### Data for this task
__________________________________________________
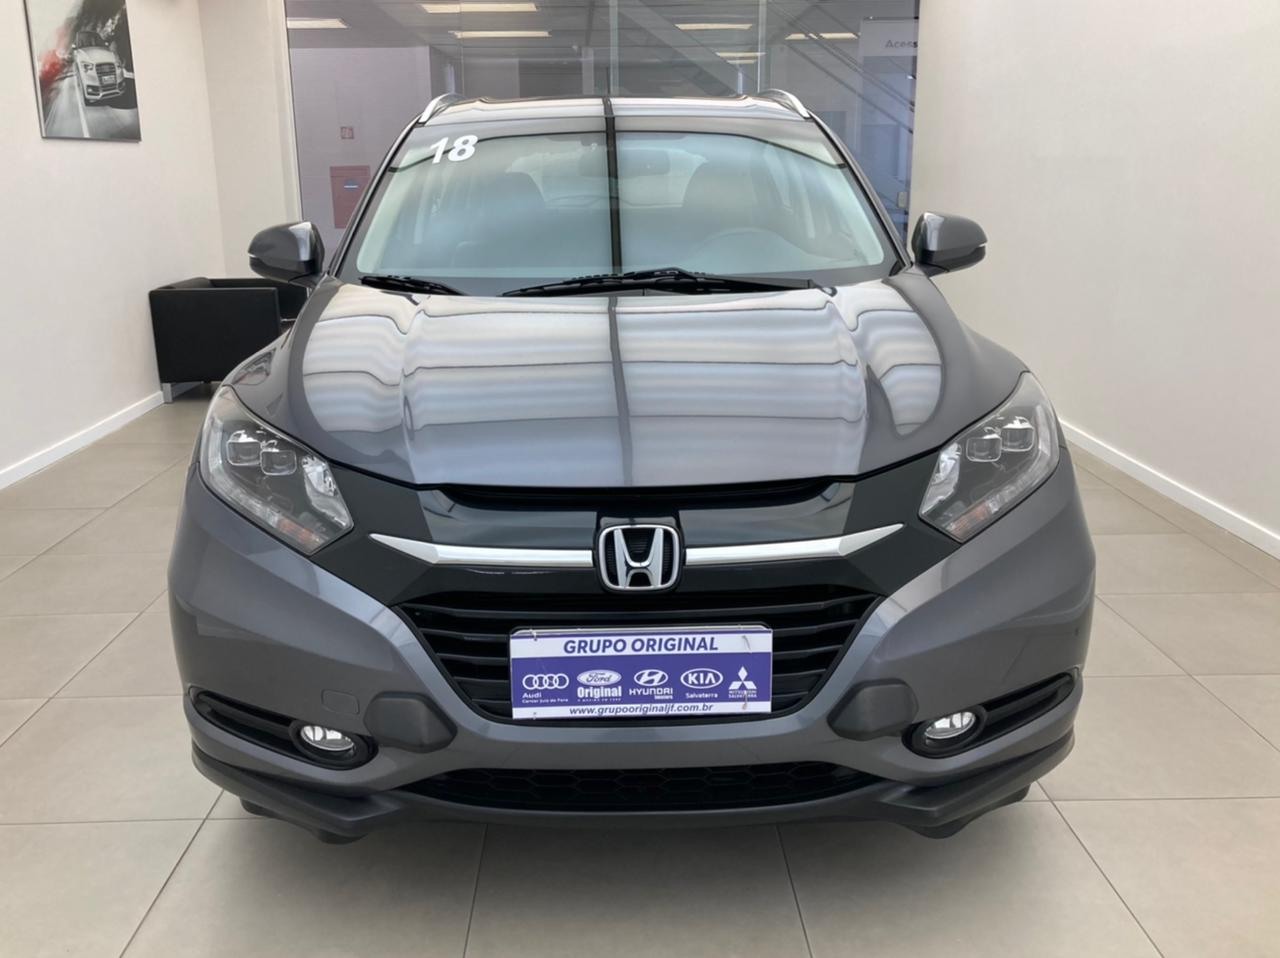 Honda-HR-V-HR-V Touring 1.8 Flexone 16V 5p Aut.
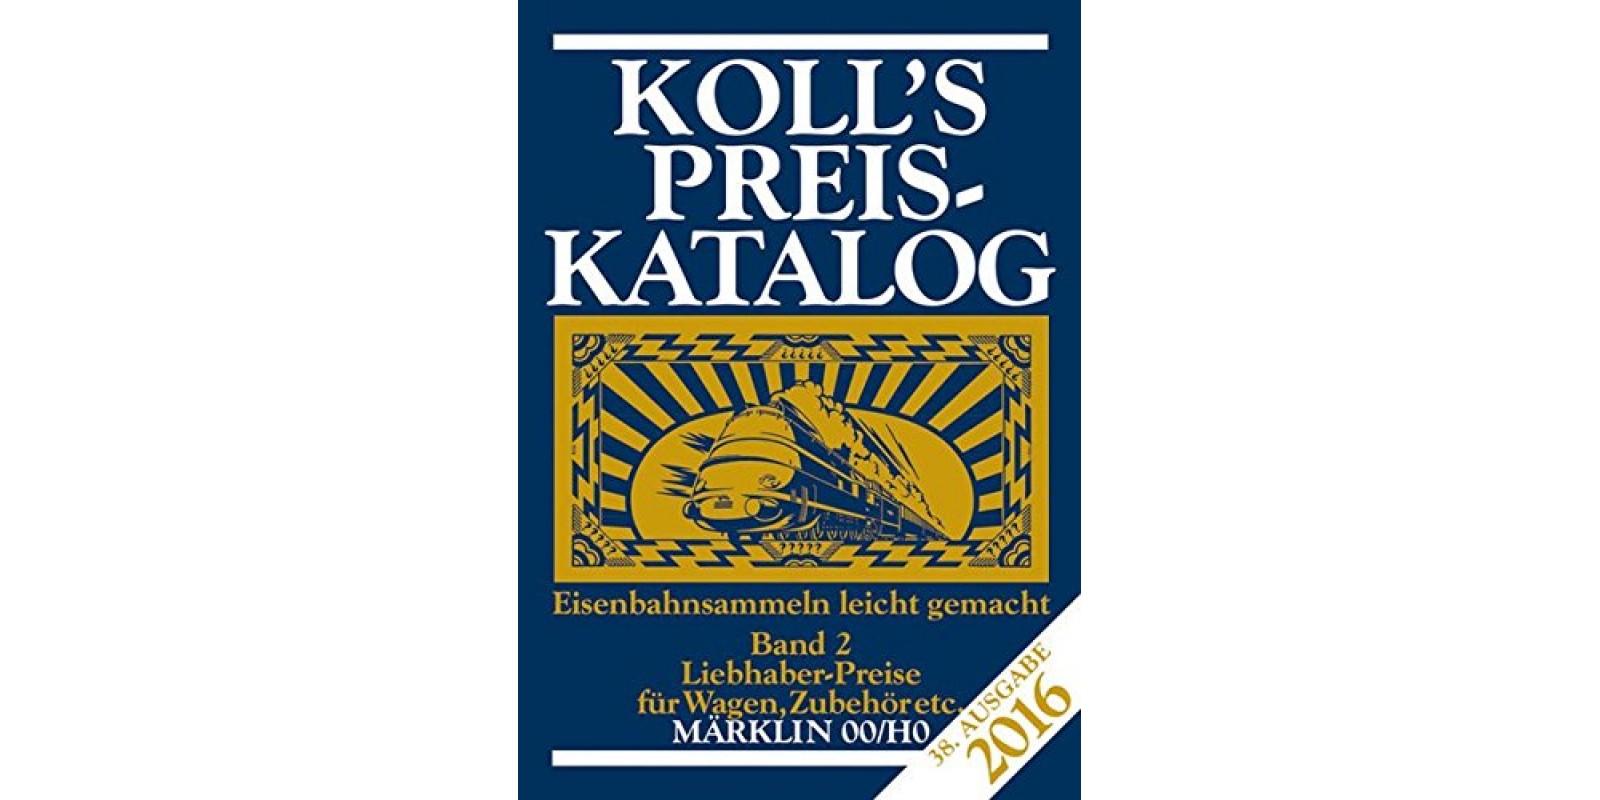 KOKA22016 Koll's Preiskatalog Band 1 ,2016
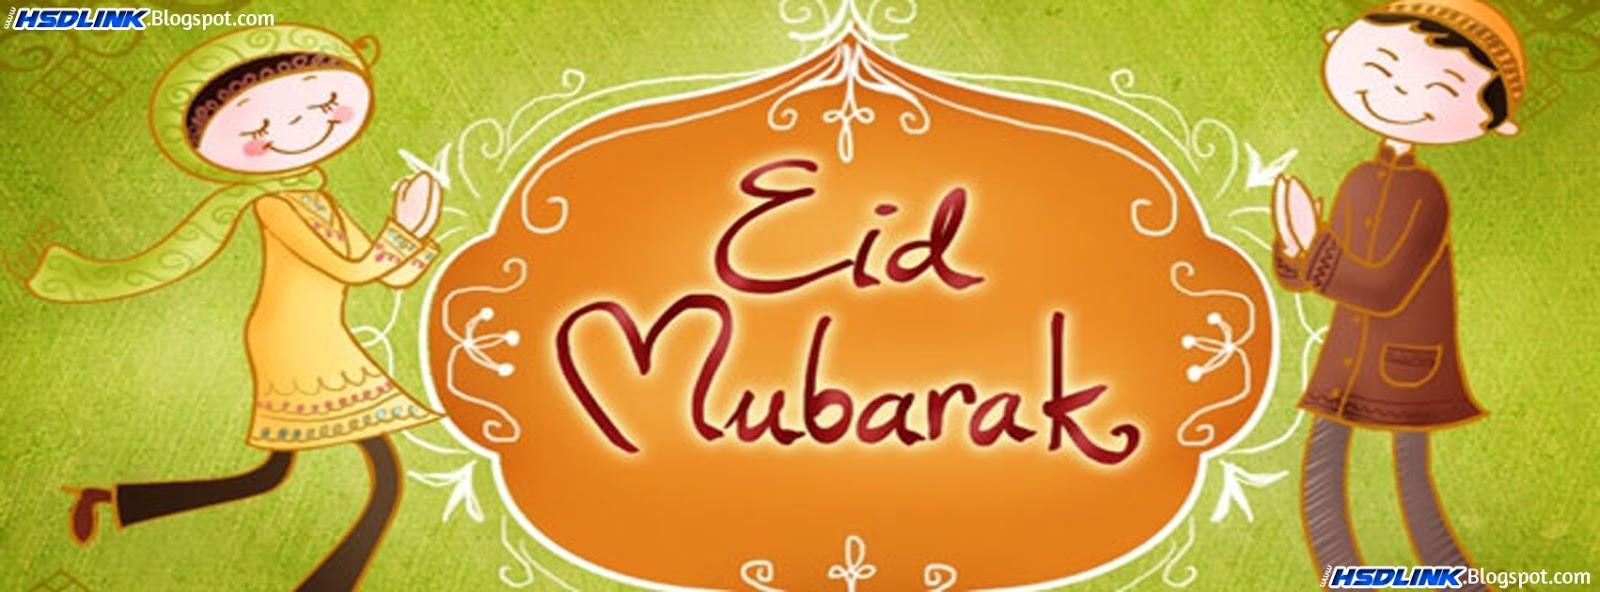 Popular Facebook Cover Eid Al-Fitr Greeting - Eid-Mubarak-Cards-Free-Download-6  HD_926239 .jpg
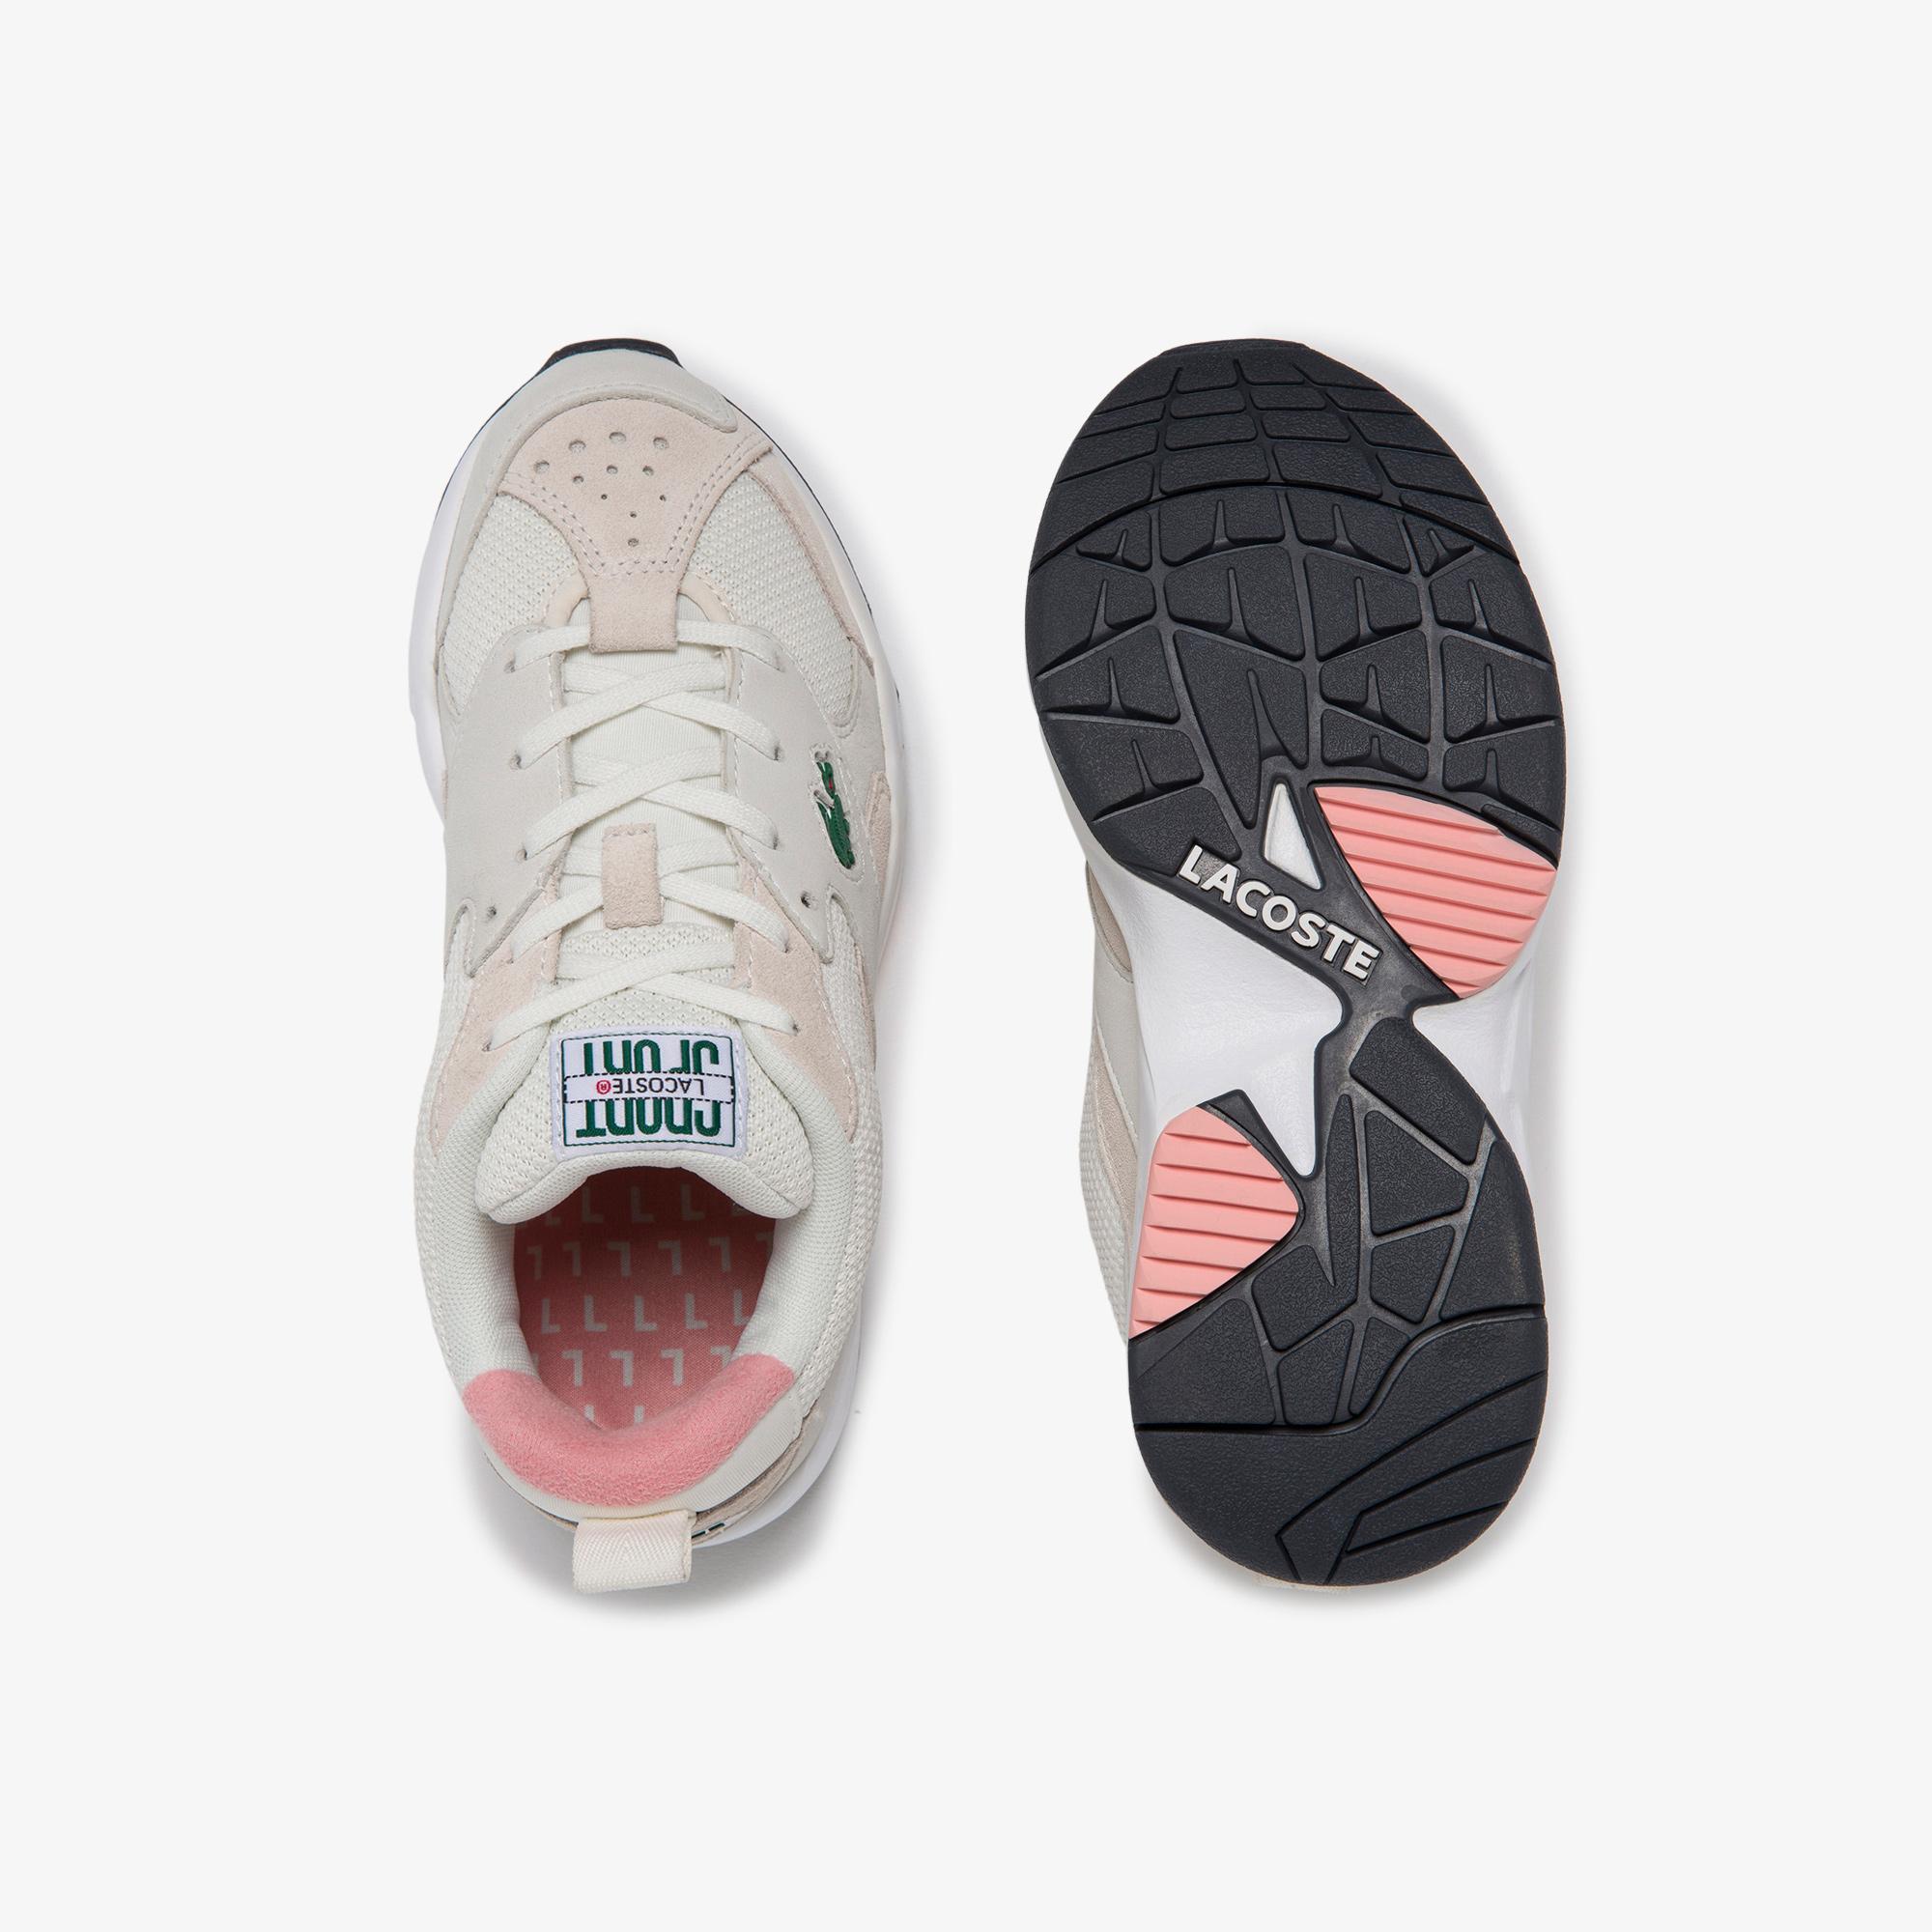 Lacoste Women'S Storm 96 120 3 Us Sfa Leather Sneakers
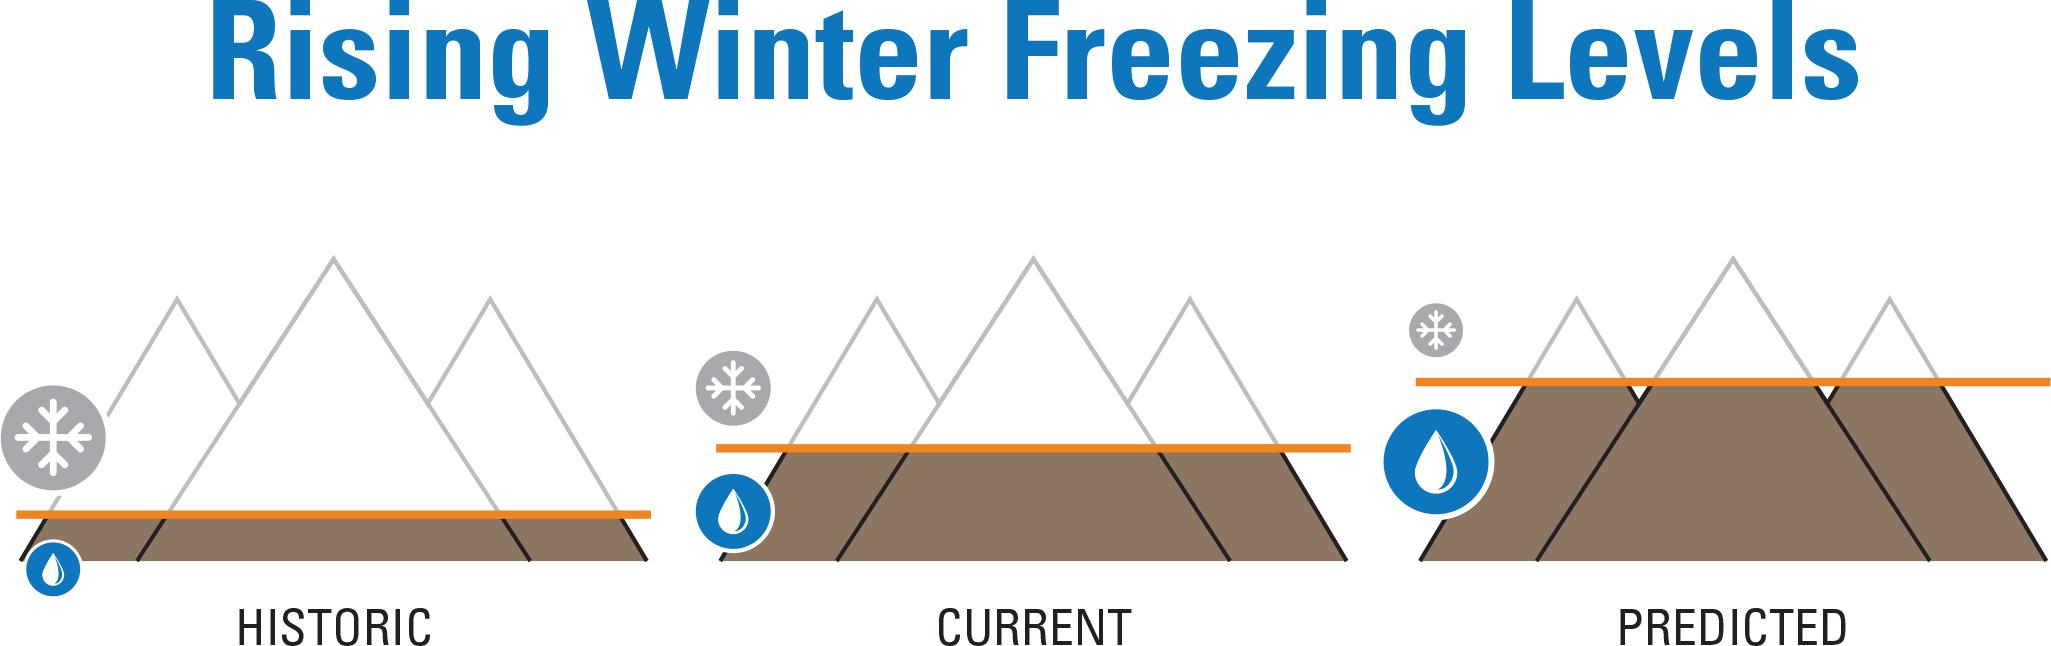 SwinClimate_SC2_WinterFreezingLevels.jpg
__________________________________________________
### What is required
Repeat the material exactly and drop each image.

### Response to the exercise
 Honda-HR-V-HR-V Touring 1.8 Flexone 16V 5p Aut.
 KOKA22016 Koll's Preiskatalog Band 1 ,2016
 Popular Facebook Cover Eid Al-Fitr Greeting - Eid-Mubarak-Cards-Free-Download-6  HD_926239 .jpg
 Lacoste Women'S Storm 96 120 3 Us Sfa Leather Sneakers
 SwinClimate_SC2_WinterFreezingLevels.jpg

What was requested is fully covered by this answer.